Note* - All images used are for editorial and illustrative purposes only and may not originate from the original news provider or associated company.

The European Medicines Agency (EMA) and the Heads of Medicines Agencies (HMA) have issued recommendations through the Executive Steering Group on Shortages and Safety of Medicinal Products (MSSG) for securing the supply of anti-D immunoglobulins used to prevent RhD immunisation during pregnancy in the European Union. The Anti-D immunoglobulins supply is under threat as a result of a decrease in the plasma donors. Donors who have anti-D immunoglobulins are the sole source for the production of these drugs, according to EMA, and these treatments are the only option to prevent RhD immunization in pregnancy.

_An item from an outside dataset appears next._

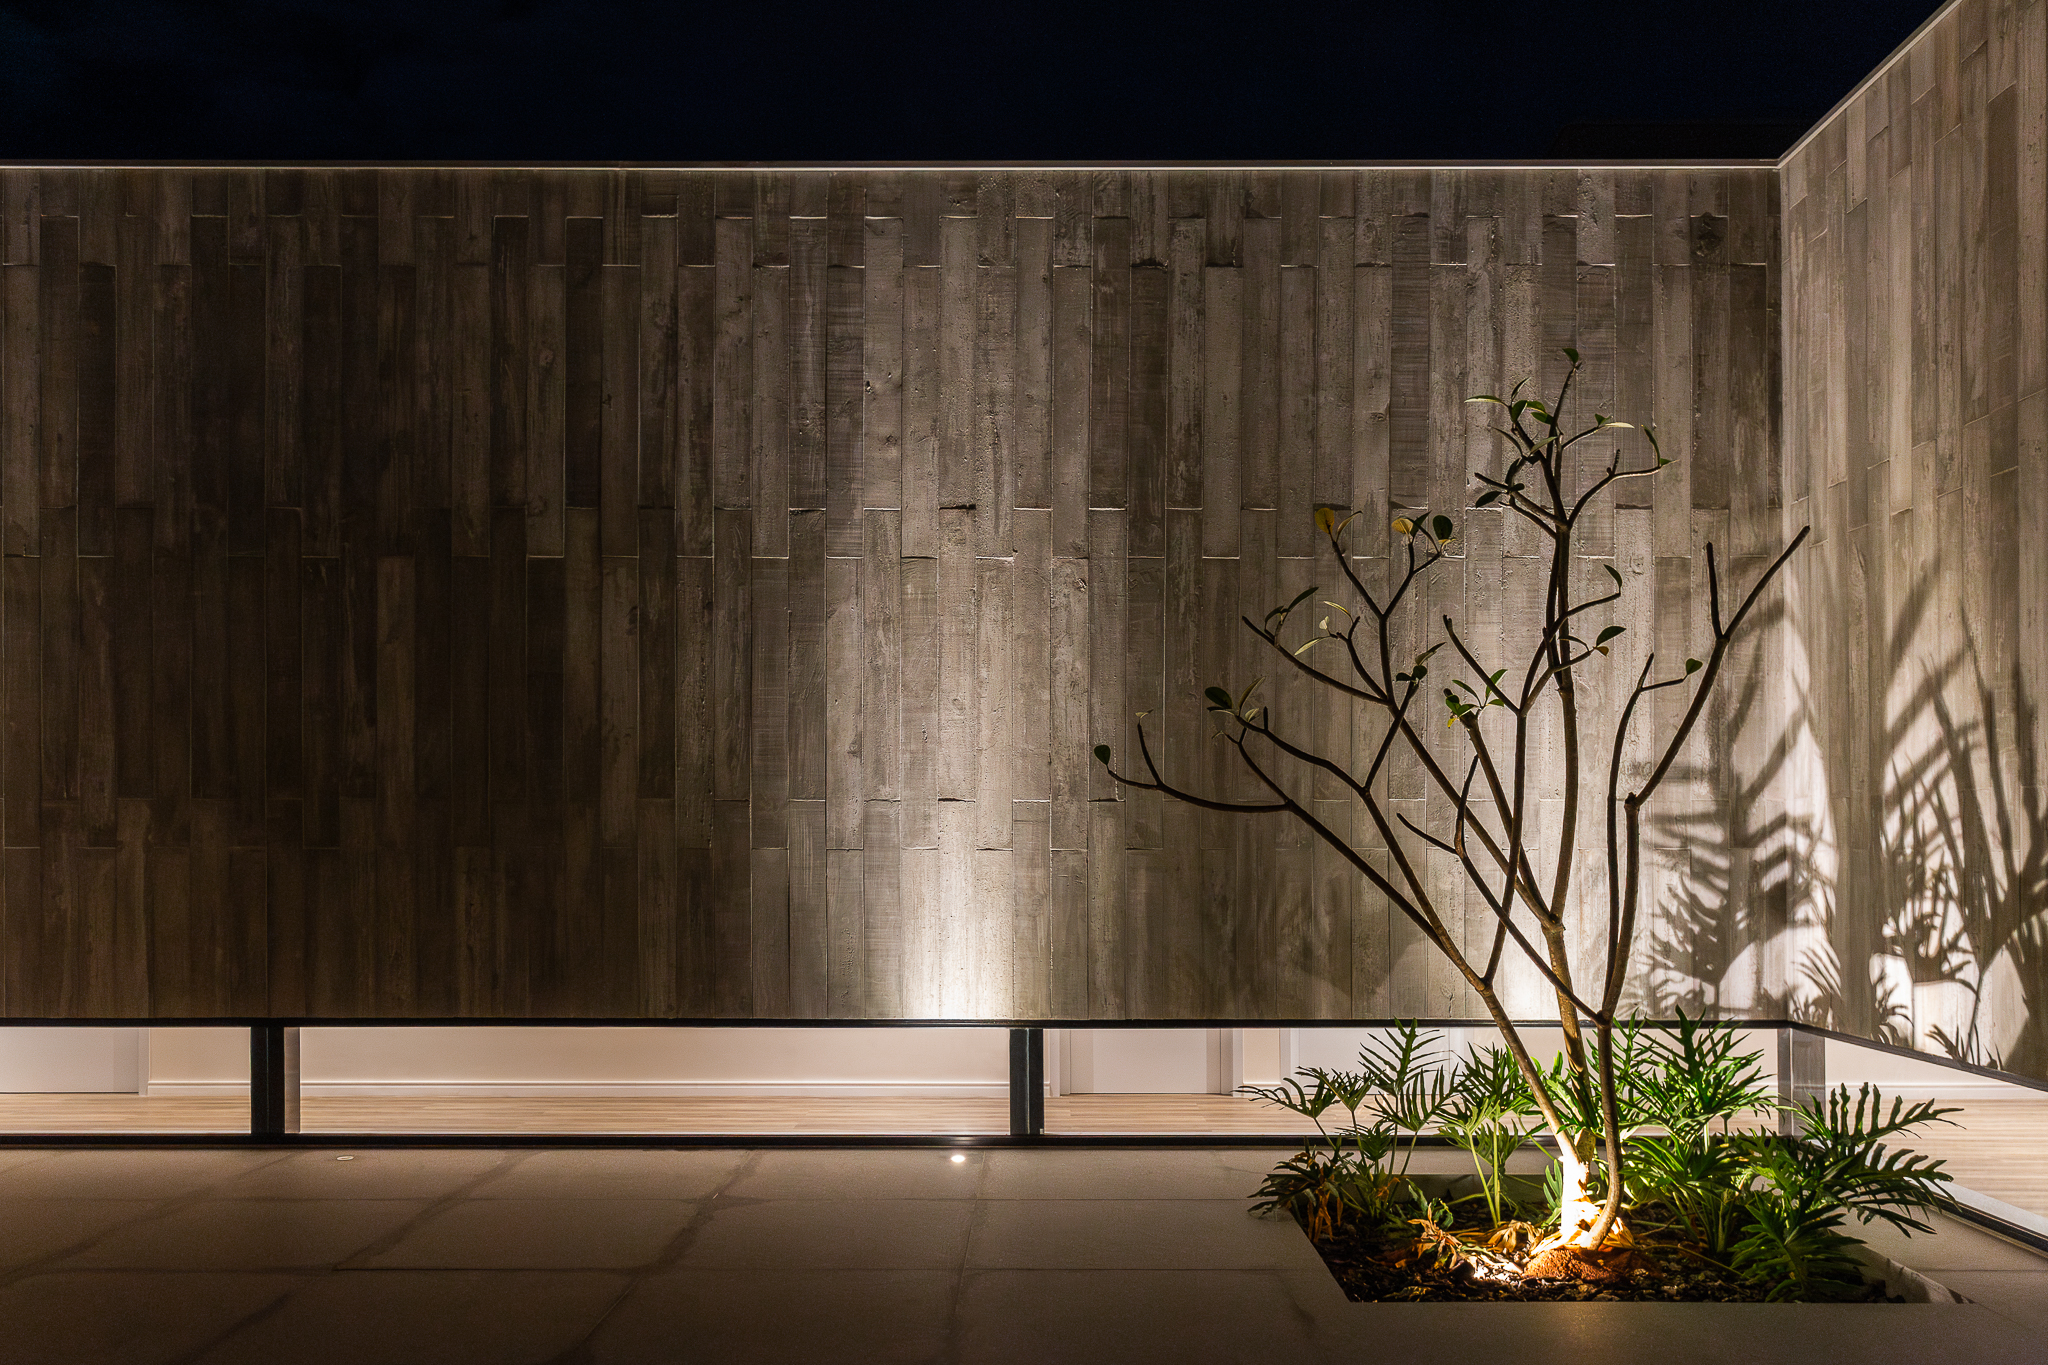 Casa de 379 m² une arquitetura minimalista e integração com o entorno. Projeto Camila Porto. Na foto, jardim com iluminação cênica.

PhD immunization happens, as stated by EMA, when RhD-negative person who is pregnant is exposed to RhD-positive blood from the growing fetus in their body. A potentially fatal immune reaction might occur from the exposure and affect the health of the fetus, as well as after birth (1).

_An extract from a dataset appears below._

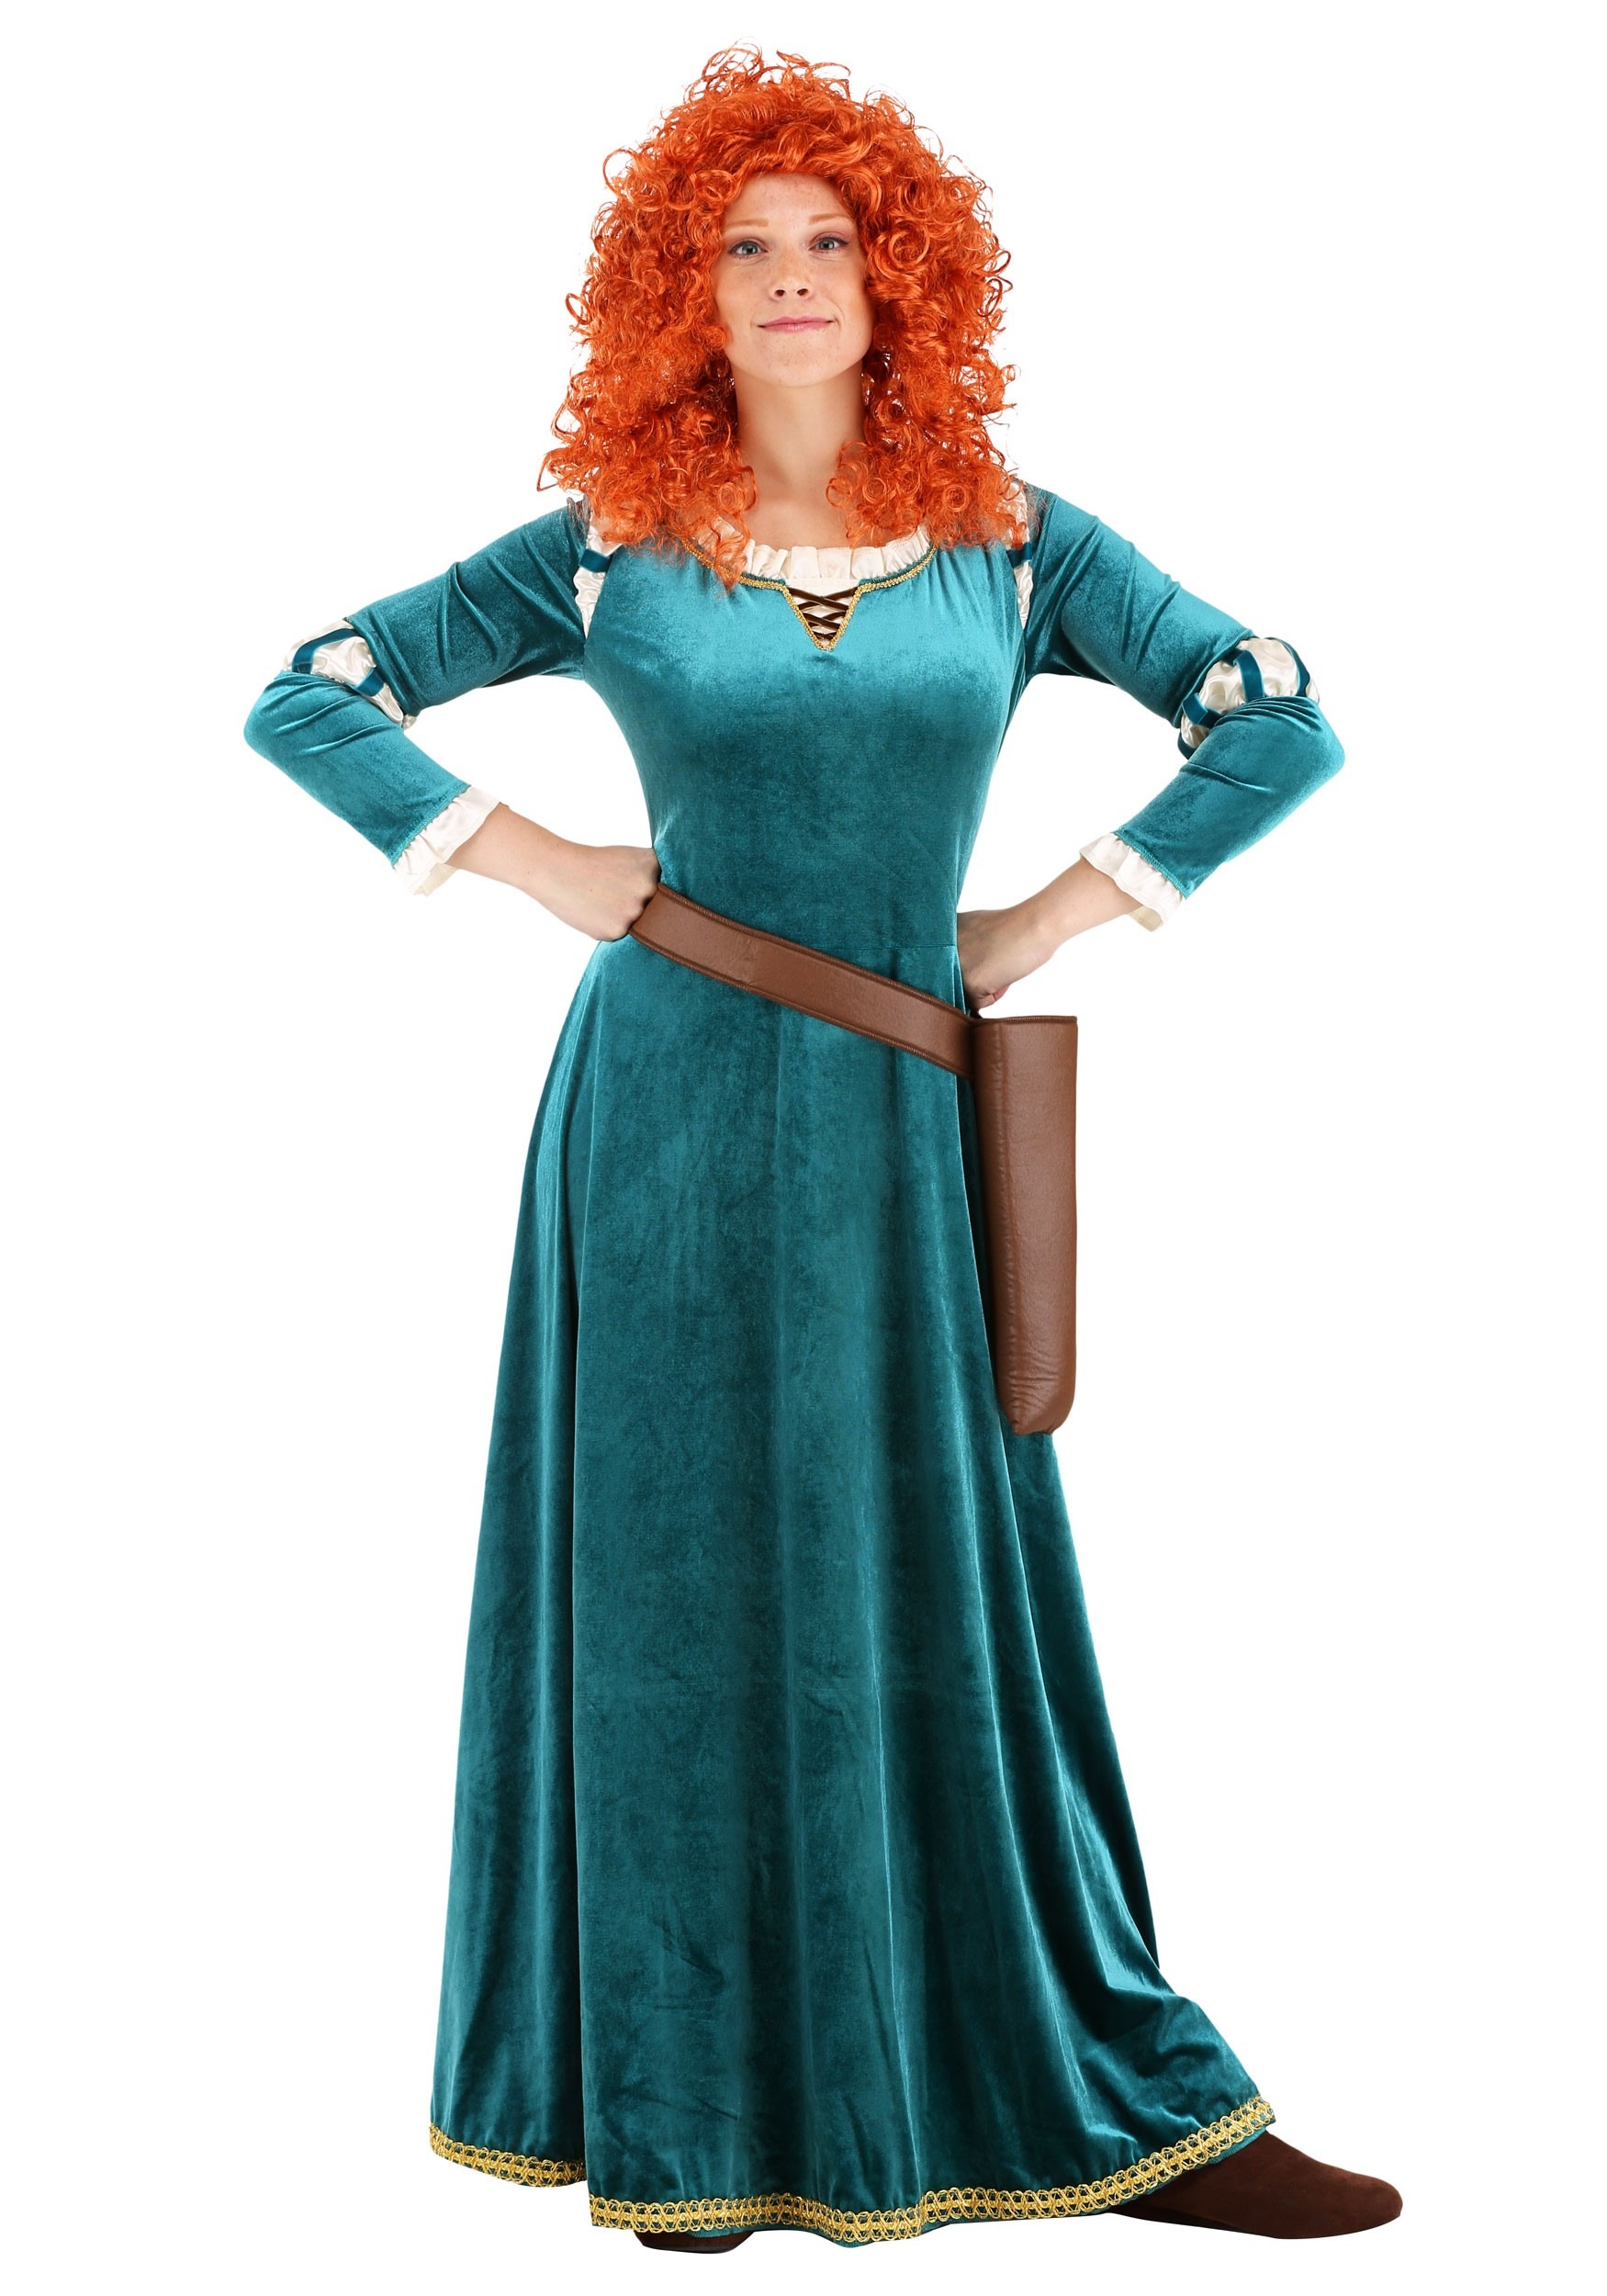 Brave Women's Disney Merida Costume

Vulnerabilities in the supply chain

MMSG identified the following key vulnerabilities in the supply chain (2):

  • The number of immunized donors was less, and there was a decline in existing donors.
  • There were challenges in the collection, manufacturing, and pooling of small plasma batches.
  • Global capacity was limited due to the less marketing authorization holders and centers collecting plasma for anti-D immunoglobulins.
  • There was a dependency on countries outside of the EU for supply of plasma for these products.

Recommendations for regulators, industry, and other stakeholders

MMSG issued recommendations to national regulators, the European Commission, the plasma industry, and research organizations. The new recommendations are for EU Member States to create plans to secure the anti-D immunoglobulins supply in the EU that include safety, legal, ethical, and regulatory considerations. Actions towards reducing unnecessary use through such methods as non-invasive prenatal testing should be prioritized. Alternative treatments should also be researched and developed. Communication campaigns regarding plasma-derived medicinal products must also be undertaken.

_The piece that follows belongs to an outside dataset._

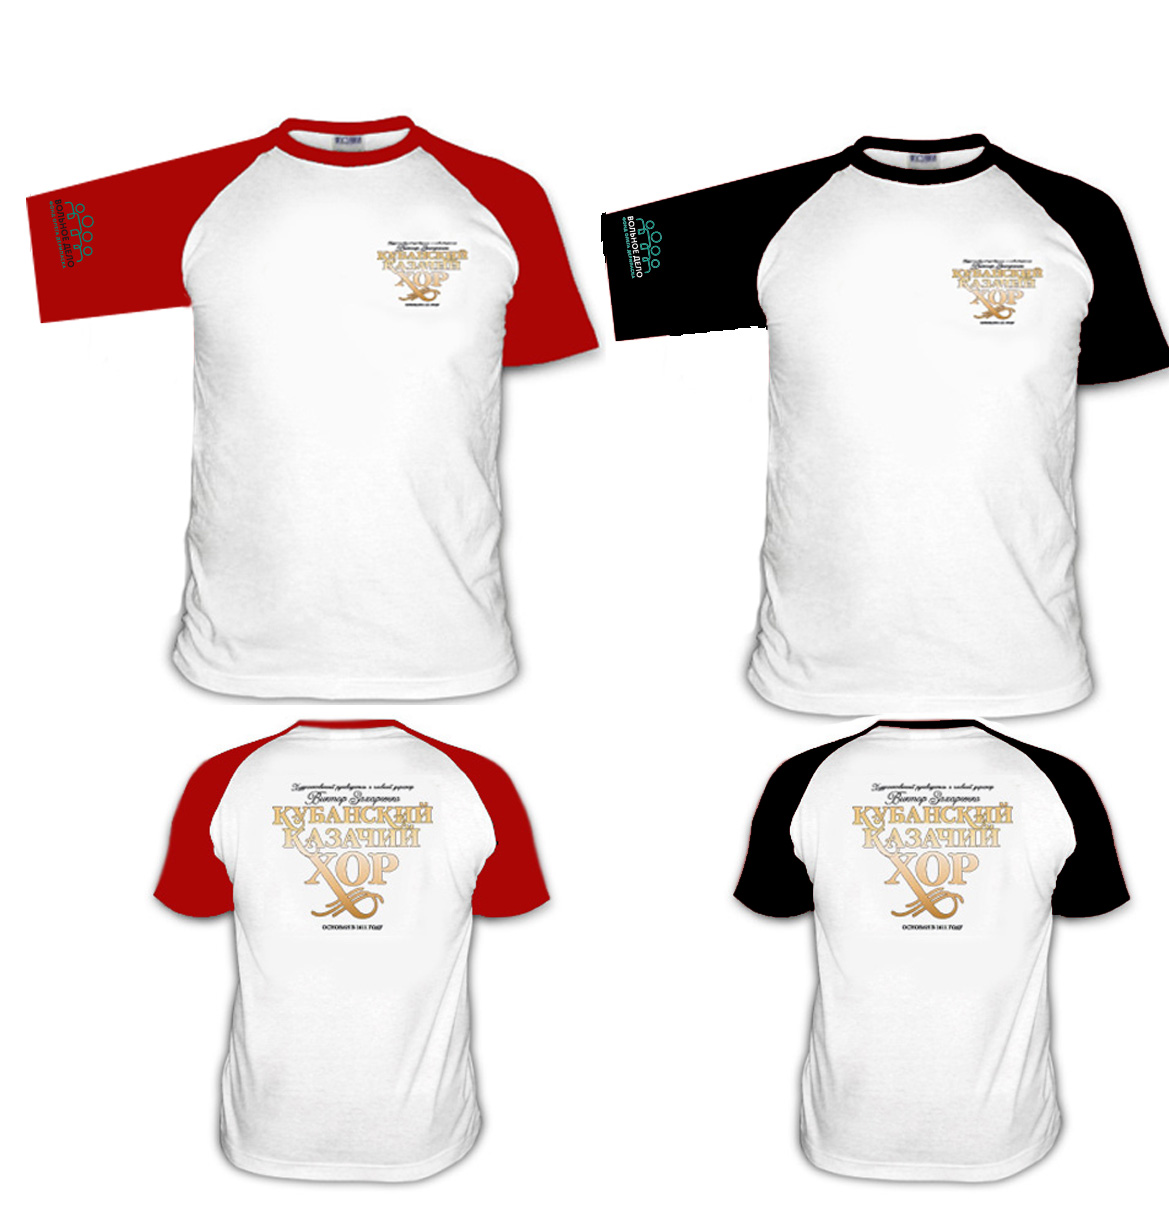 Фирменная футболка ККХ с трафаретной печатью (чёрно-белая, красно-белая)

The recommendations also state, “Member States, in collaboration with experts, including learned societies, patient organizations, and other relevant stakeholders should develop national guidelines to facilitate prioritization of patients who require these medicines during shortage situations, where necessary. The MSSG may coordinate the development of a Union level prioritization plan to manage critical shortages, coordinated at Union level” (2).

EMA stated in the press release that the EC should identify measures to ensure the supply of these treatments and coordinate with EU Member States. “Policy measures set out in the proposed Critical Medicines Act could be leveraged, such as joint procurement of manufacturing services to establish or increase supply of these medicines to the EU,” the agency stated in the release. The recommendations document says the EC should also “facilitate cooperation between key stakeholders, including national competent blood authorities and national competent medicines authorities to ensure coherence across relevant legislative frameworks.”

Also, the industry is being urged to provide an assurance of availability of these treatments in Europe by making investments in production capacity and alternative development to plasma-derived anti-D immunoglobulins.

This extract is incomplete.